COCHLEAR IMPLANTS IN
CYPRUS
OUR EXPERIENCE SO FAR!
Cyprus, March 2009
SOME BACKGROUND INFO
Cyprus is a small island with a small population. An
important aspect of Cypriot society is the need of the
individual to blend into the majority. This has always
made the adjustment of parents to a child’s disability
difficult, and in the area of the hearing impaired, has
made acceptance of hearing loss, hearing aids and sign
language, never easy, even more difficult than in some
other societies. The reverse side of this coin is the
indiscriminate adoption of something new by individual
members of a group when the group as a whole has
accepted the innovation. We can see this in the
wholesale implanting of children in Cyprus.
Statistics
 There are about 85 individuals with cochlear
implants in Cyprus now, 22 adults and about 63
children (0 – 18).
 In the period 1999 – 2002, children were being
implanted between 2 to 3 ½ years of age.
 In the period 2002 – 2007, this changed to from 1 to
2 ½ years of age.
 More recently, children have been implanted from 9
months to 1 ½ years of age.
Statistics, continued
 All of these implants were in one ear only.
 Three implanted adults chose not to continue using
the device and two children with particular
syndromes were not able to fully benefit from the
device.
 The Ministry of Health pays for the surgery and the
device. Service and maintenance is done by the
distributors (the users pay). Programming of the
device is through government services.
Reactions of various groups
PARENTS
Parents initially have difficulty accepting the diagnosis
of hearing impairment and also reject the cochlear
implant at first because of its size and visibility.
They are usually convinced after seeing other
children with the implants.
 Some parents then believe that the implant
“takes care of” the problem and do not realize
the need for special education/support services
and their own involvement in these.
 Parents need to talk with other parents of
implanted children before implantation to have
more realistic expectations.
THE DEAF
 The Deaf community in Cyprus had adopted the
earlier position of many Deaf communities
worldwide as being opposed to cochlear implants.
 The relevant hearing community (the Ministries of
Health and of Education, educators of the hearing
impaired, and hearing parents of hearing impaired
children, as an organisation) has not systematically
provided accessible information about cochlear
implants to the Deaf community, whether through
ignorance of the need or indifference to it.

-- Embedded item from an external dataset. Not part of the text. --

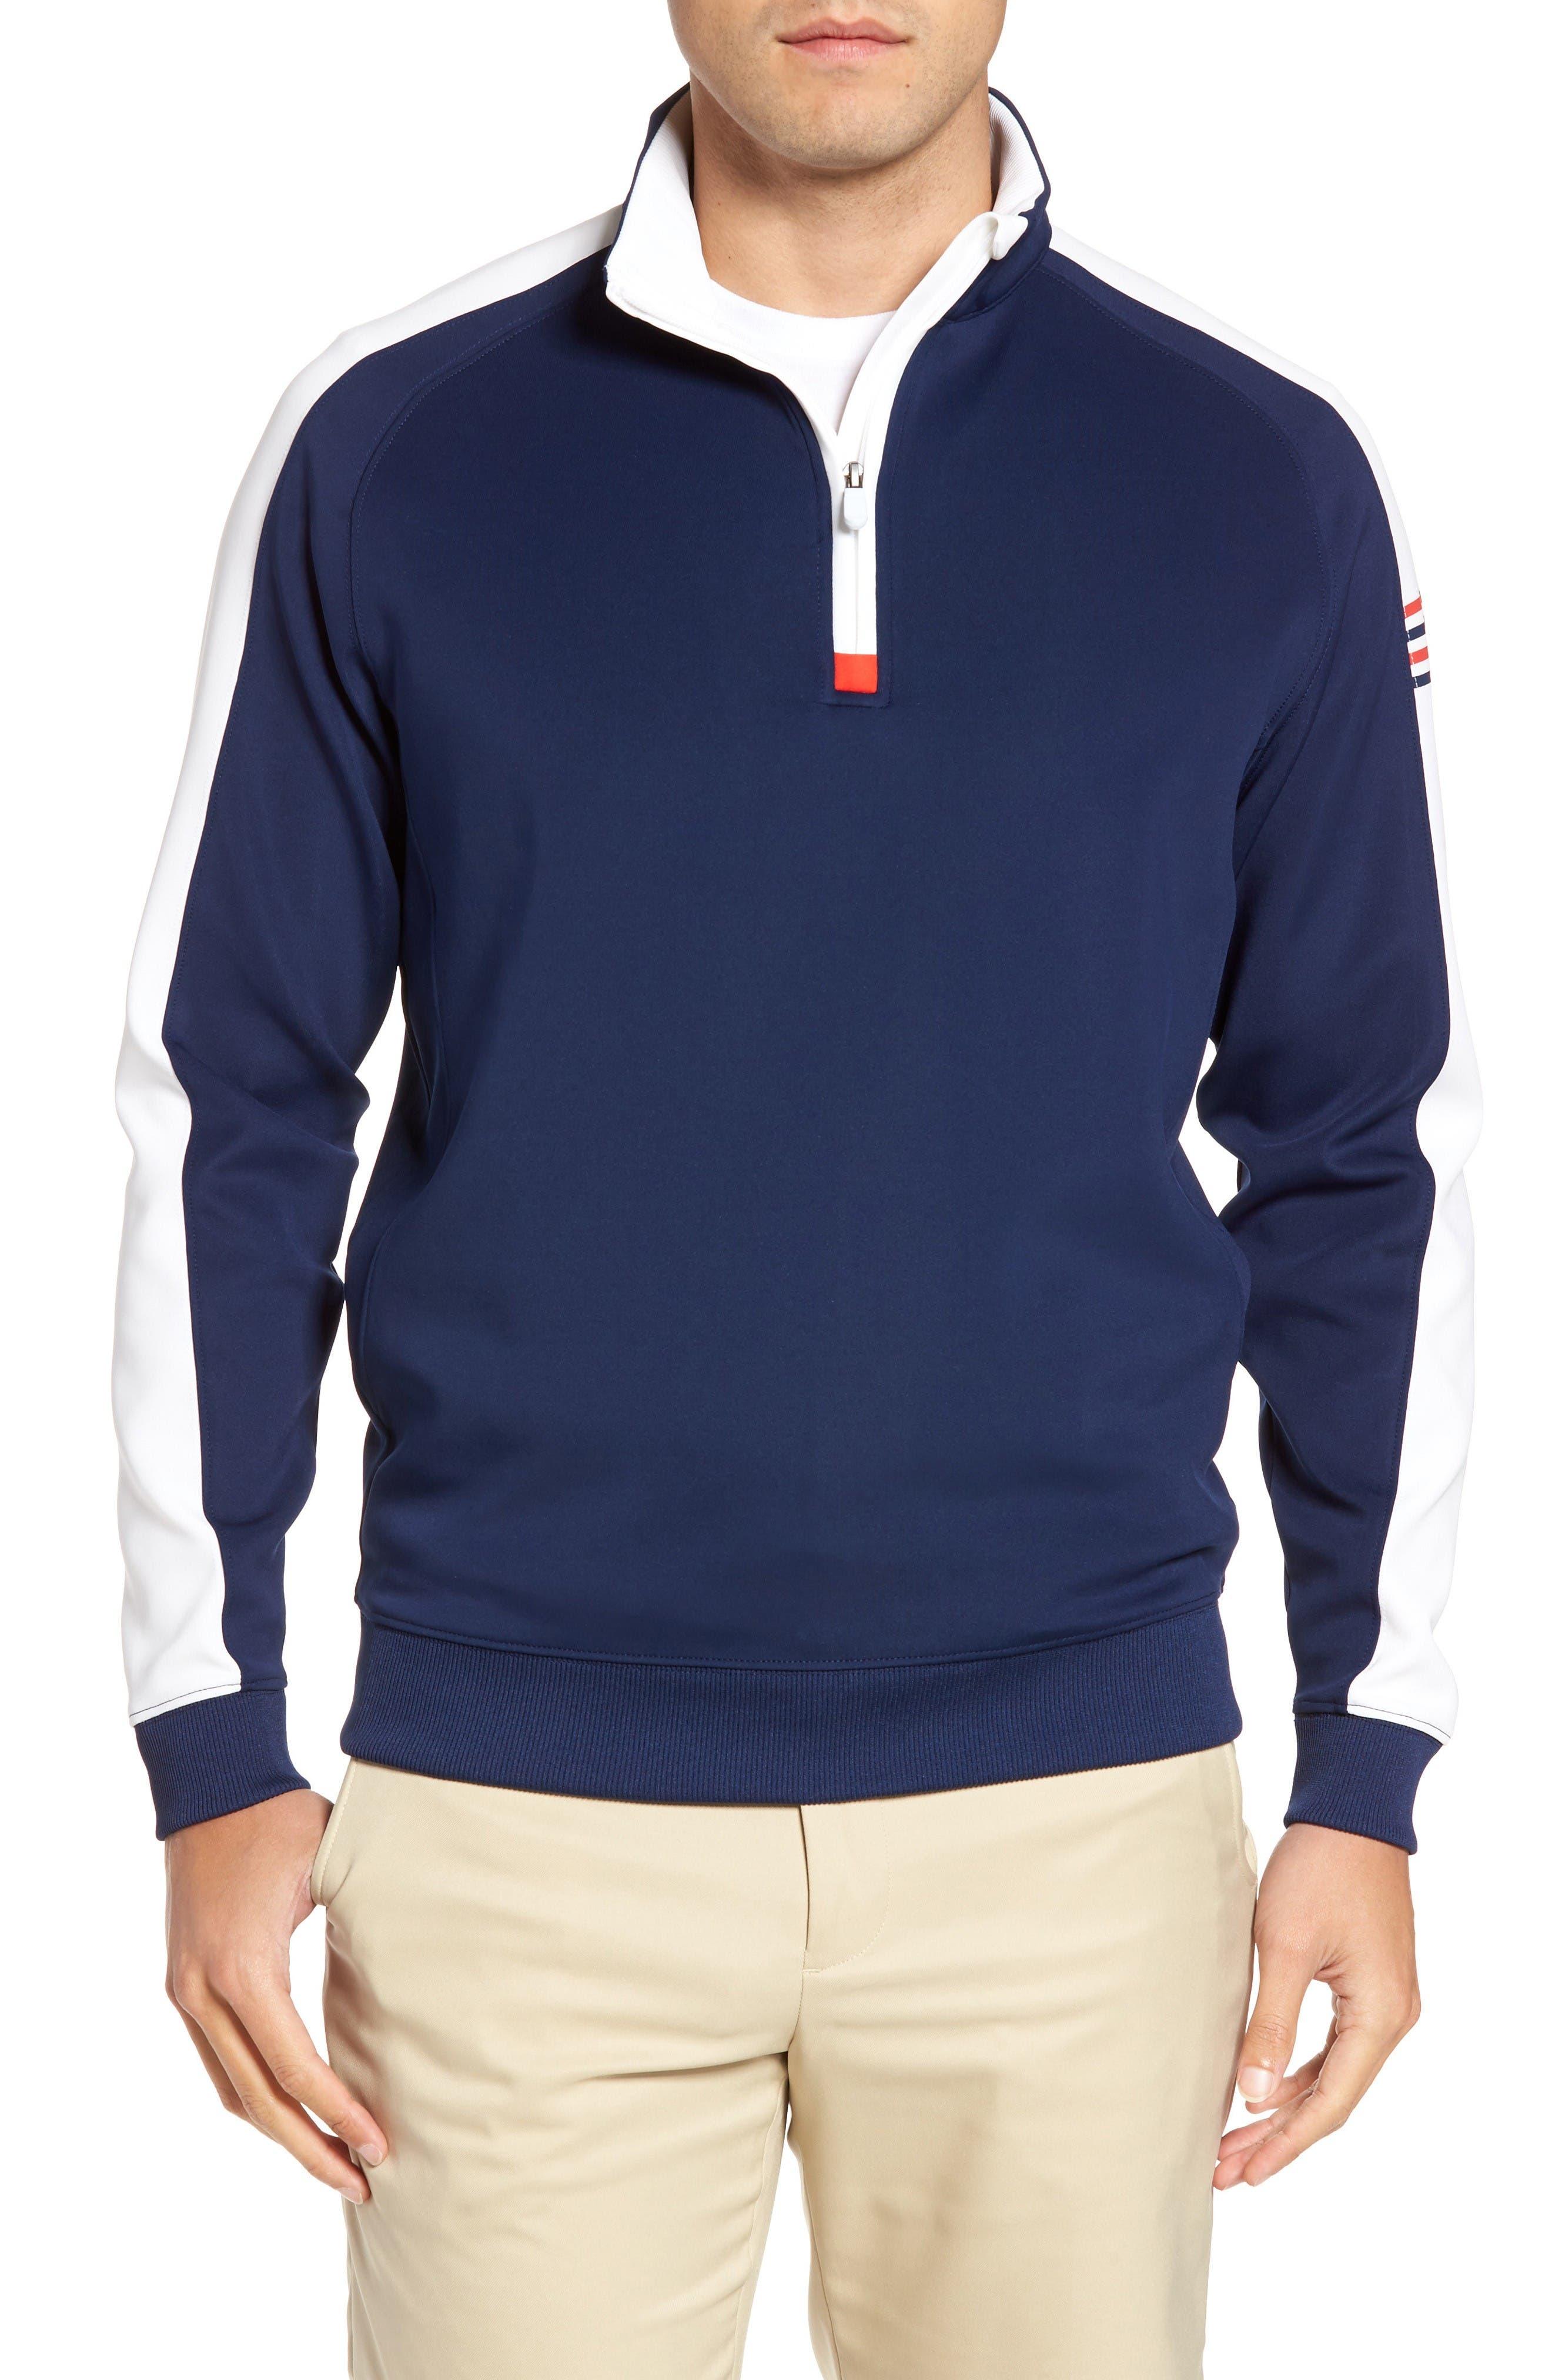 Alternate Image 1 Selected - Bobby Jones XH20 Tech Quarter Zip Sweater
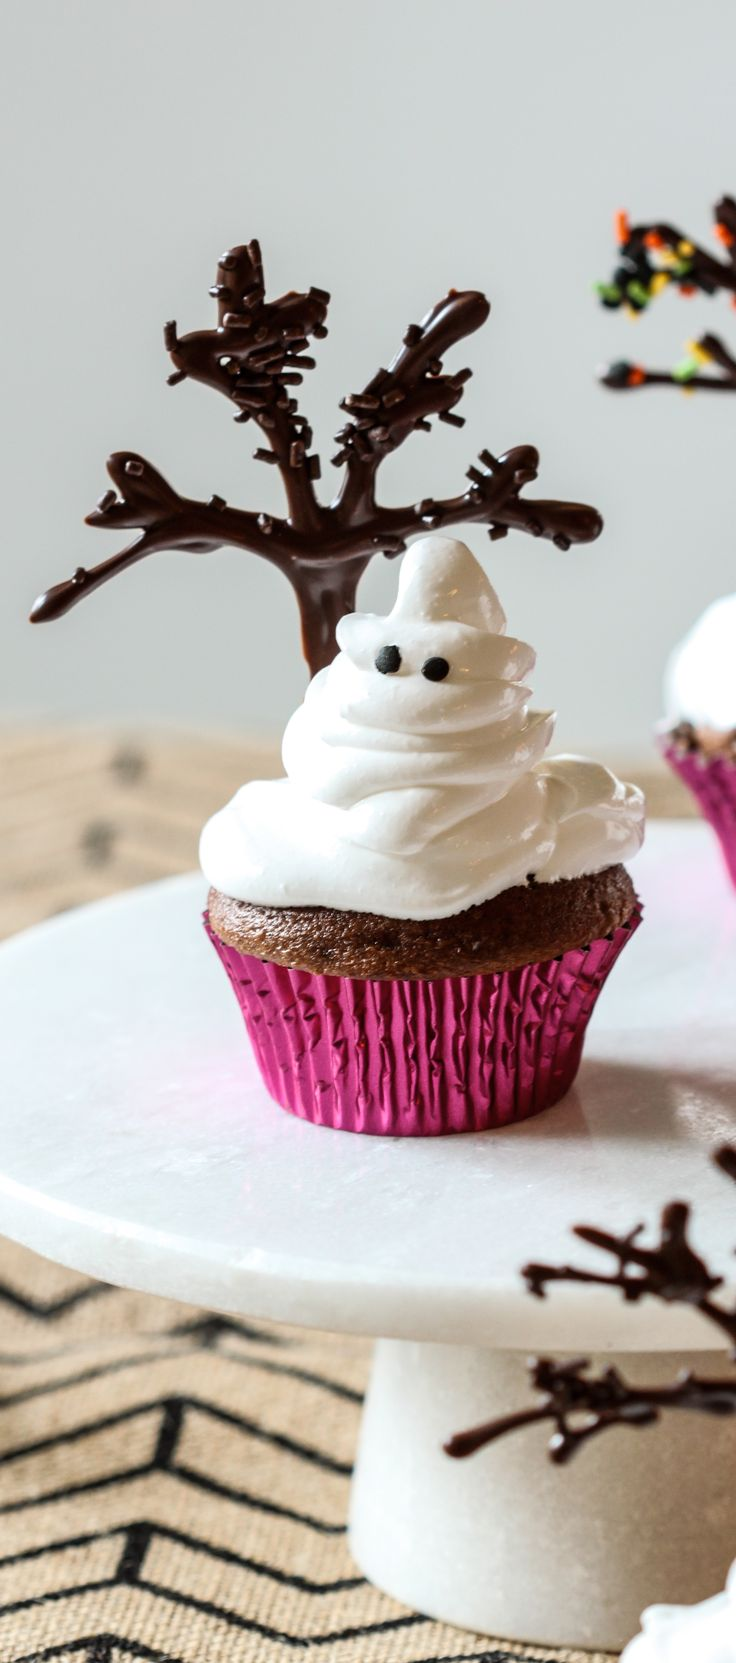 Ghost Cupcakes #halloweencupcakes http://www.aftershocksinteriordecorating.com

 Because of lack of access to largely written in
other languages (not Greek) material, the Cypriot
Deaf community has lacked updated information,
both on the implant itself and on other Deaf
communities’ revised positions.
 The Cyprus Federation of the Deaf’s current
position is that the cochlear implant is an
individual decision, the implanted individual
remains a hearing impaired individual, and is
accepted as a member of the community, if he so
desires.
Teachers, Speech therapists and other
professionals
Teachers report generally improved progress in
speech and language development. We often hear
that a profoundly deaf child is “functioning like a
hard-of-hearing child.”
Teachers need to be better informed about the
capabilities of the device, and its everyday care and
troubleshooting. They need continual updating
about new developments.
At the School for the Deaf
At the School for the Deaf, we use a
combination of communication modes
and find that one mode need not
exclude another. In fact, one mode
often supports the other and the
children make better progress.
Children at the School are exposed
to all modes of communication and are
allowed and encouraged to express
themselves in the mode they prefer.
Progress and problems
 Children with cochlear implants tend to develop speech
sooner than profoundly deaf children with BTEs. This is
a “two-edged sword.” On the one hand, it is very
encouraging for parents (and teachers) to hear their child
speak. On the other hand, it may give them the
impression that the child is progressing better than he
actually is, and may cause them to neglect the very
important work of language development.
 Children with implants may not be assisted and
encouraged to develop alternate/parallel means of
communication (speechreading, signing, listening with
the non-implanted ear) and when the device is removed,
they are unable to communicate effectively.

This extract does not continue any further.